1 Engineering Technology Research Institute of PetroChina Southwest Oil & Gasfield Company, Chengdu, 610017, China
2 PetroChina Southwest Oil & Gas Field Company, Chengdu, 610051, China
* Corresponding Author: Anqi Du. Email:
(This article belongs to the Special Issue: Fluid and Thermal Dynamics in the Development of Unconventional Resources II)
Fluid Dynamics & Materials Processing 2025, 21(4), 939-957. https://doi.org/10.32604/fdmp.2024.058553
Received 14 September 2024; Accepted 20 November 2024; Issue published 06 May 2025
Abstract
Horizontal wells play a crucial role in enhancing shale gas reservoir production. This study employs transient multiphase simulation to investigate the impact of well trajectory on production optimization throughout a well’s life cycle.

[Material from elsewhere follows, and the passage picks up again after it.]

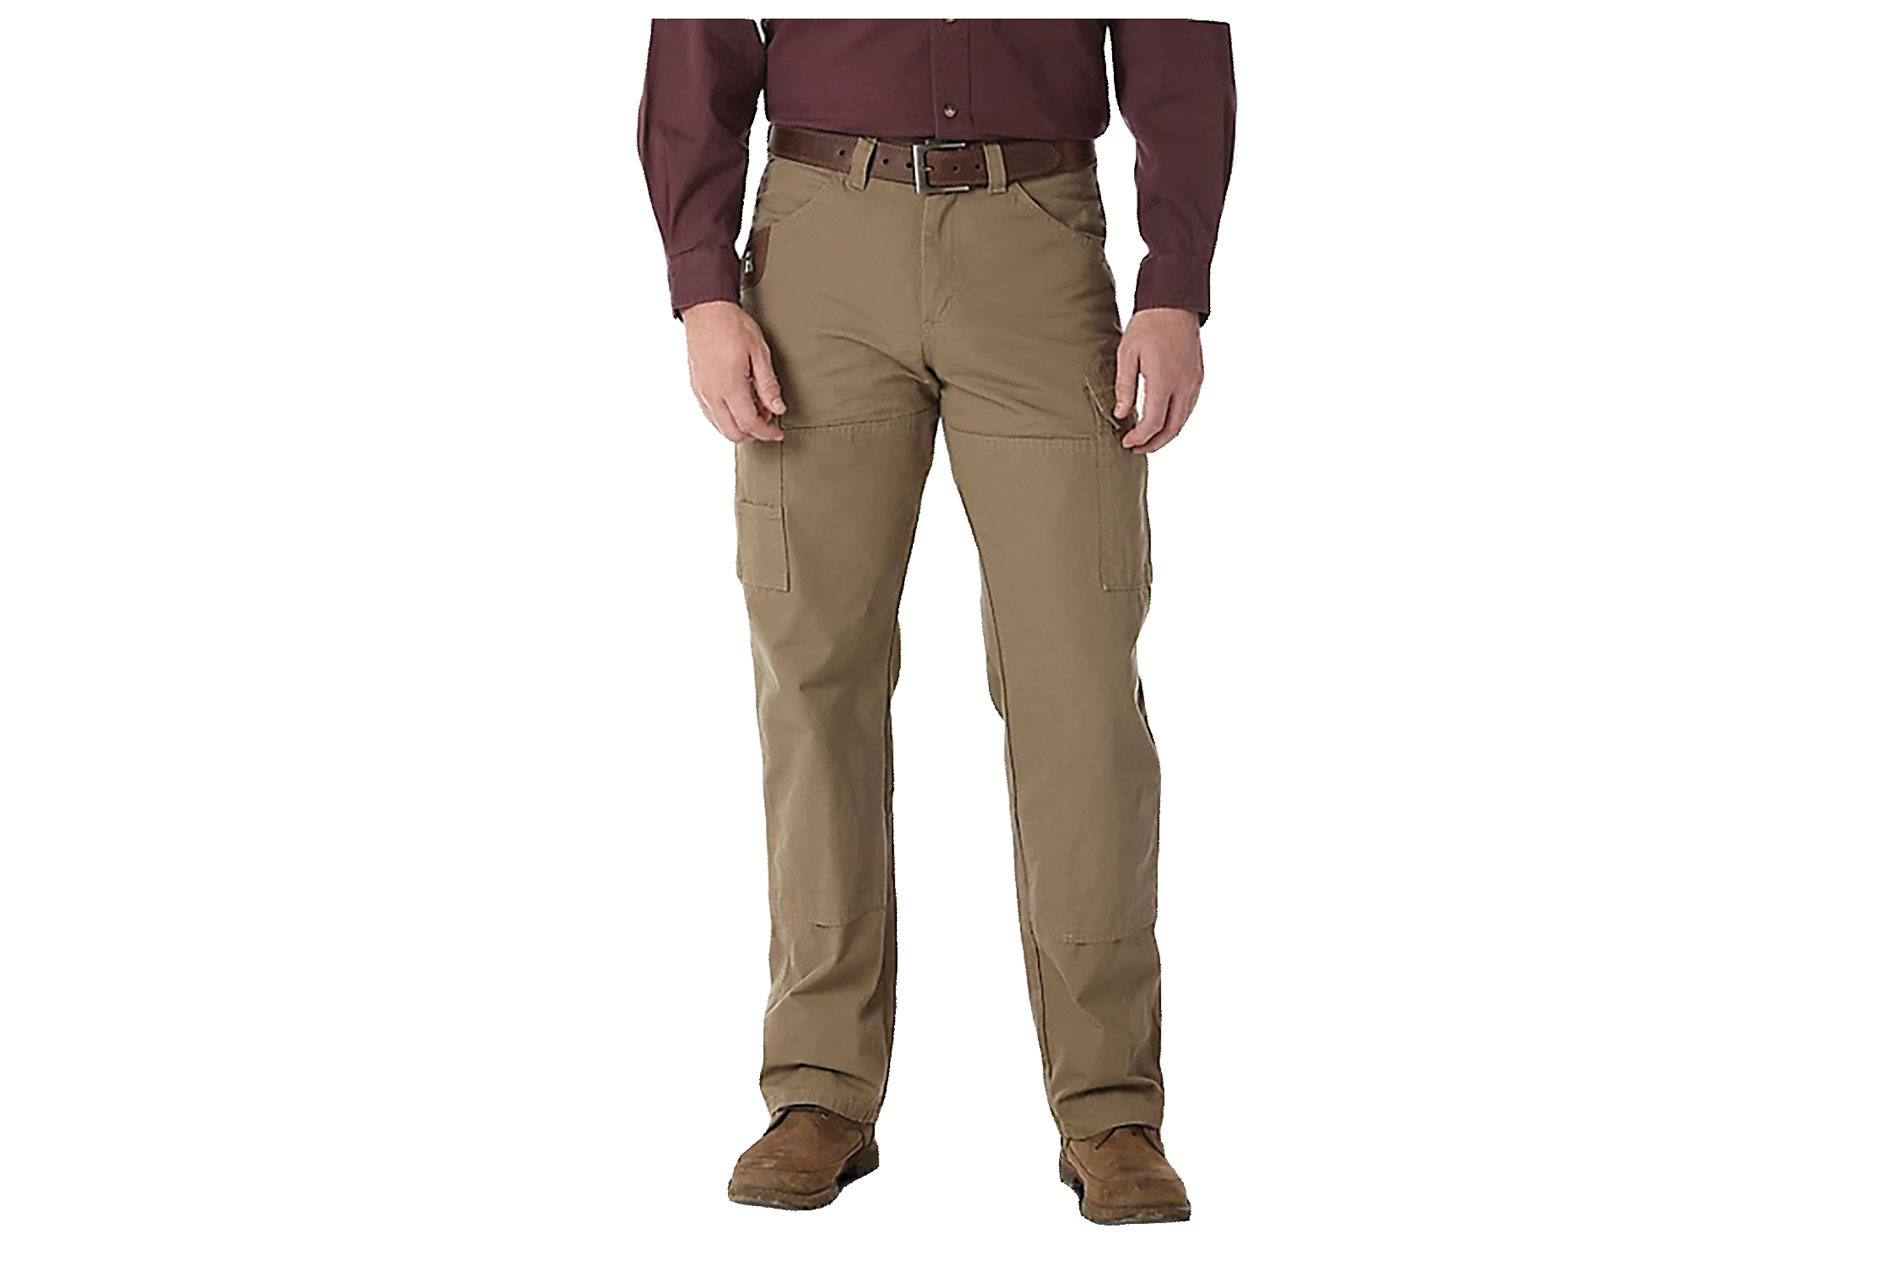 A man wears brown pants. Image by Wrangler.
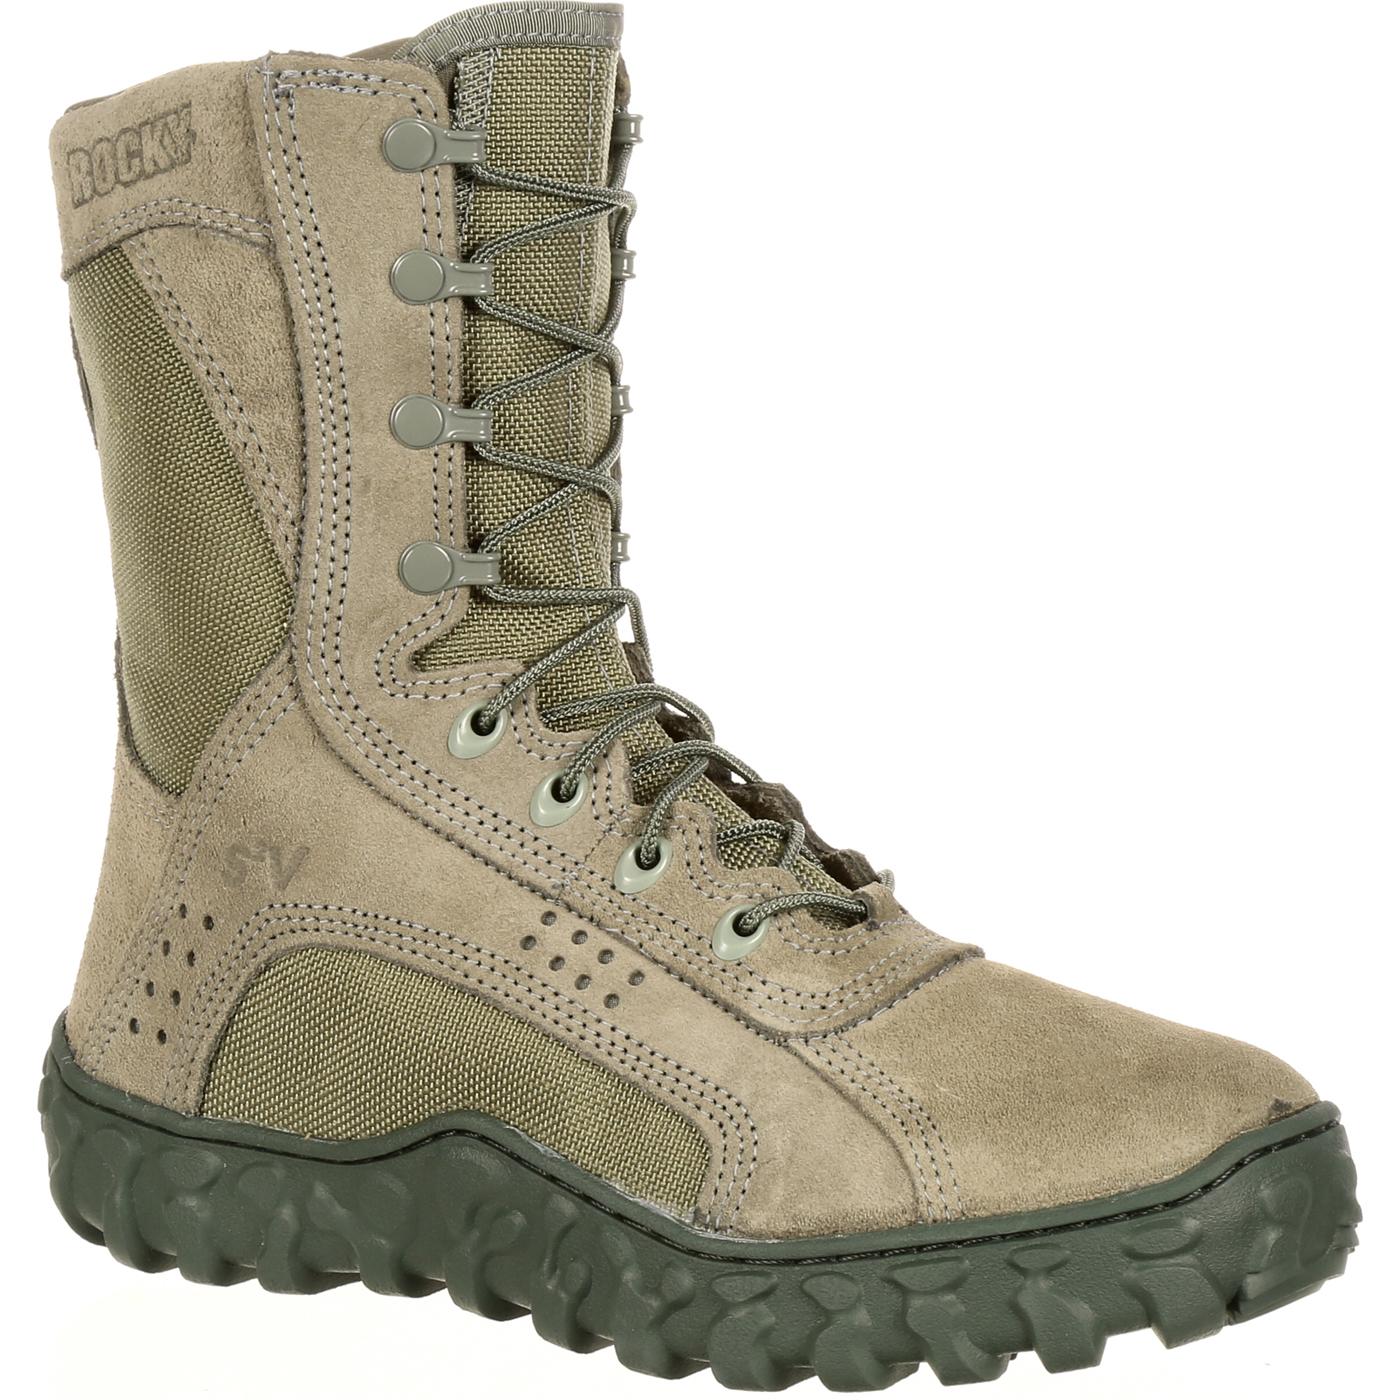 Rocky Boot S2V Sage Green Military Boot, style #FQ0000103

The research uses OLGATM as a simulator to examine six well trajectories: toe-up, toe-down, smooth horizontal, undulated toe-up, undulated toe-down, and undulated horizontal. Initial findings indicate comparable production rates across different trajectories during the early production phase, with toe-up wells showing slightly better performances due to minimal slugging. However, as the reservoir pressure decreases, the well trajectory significantly influences production. Horizontal wells achieve the highest accumulated gas production rates due to minimal liquid holdup and back pressure. Toe-up wells experience early liquid accumulation and severe slugging, leading to increased back pressure and smaller production. The study highlights the positive effects of lateral undulations on toe-up and toe-down wells in terms of liquid unloading, however some emphasis is also put on their adverse influence on horizontal wells.Keywords
Supplementary Material
Supplementary Material FileDue to the low permeability of shale reservoirs [1−3], commercial exploitation relies on horizontal drilling and multi-stage hydraulic fracturing, making horizontal wells the preferred development method for shale gas [4−7]. The productivity of gas wells in complex deviated drilling is influenced by the trajectory of the lateral section. Reservoir engineers typically design the wellbore trajectory based on gas production and the permeability of the layers [8]. Additionally, the wellbore trajectory is tailored to increase the contact area between the reservoir and the wellbore, taking into account natural fractures and the formation dip angle of the reservoir [9,10]. As a result, gas well trajectories can be complex, including toe-up, toe-down, and undulating types.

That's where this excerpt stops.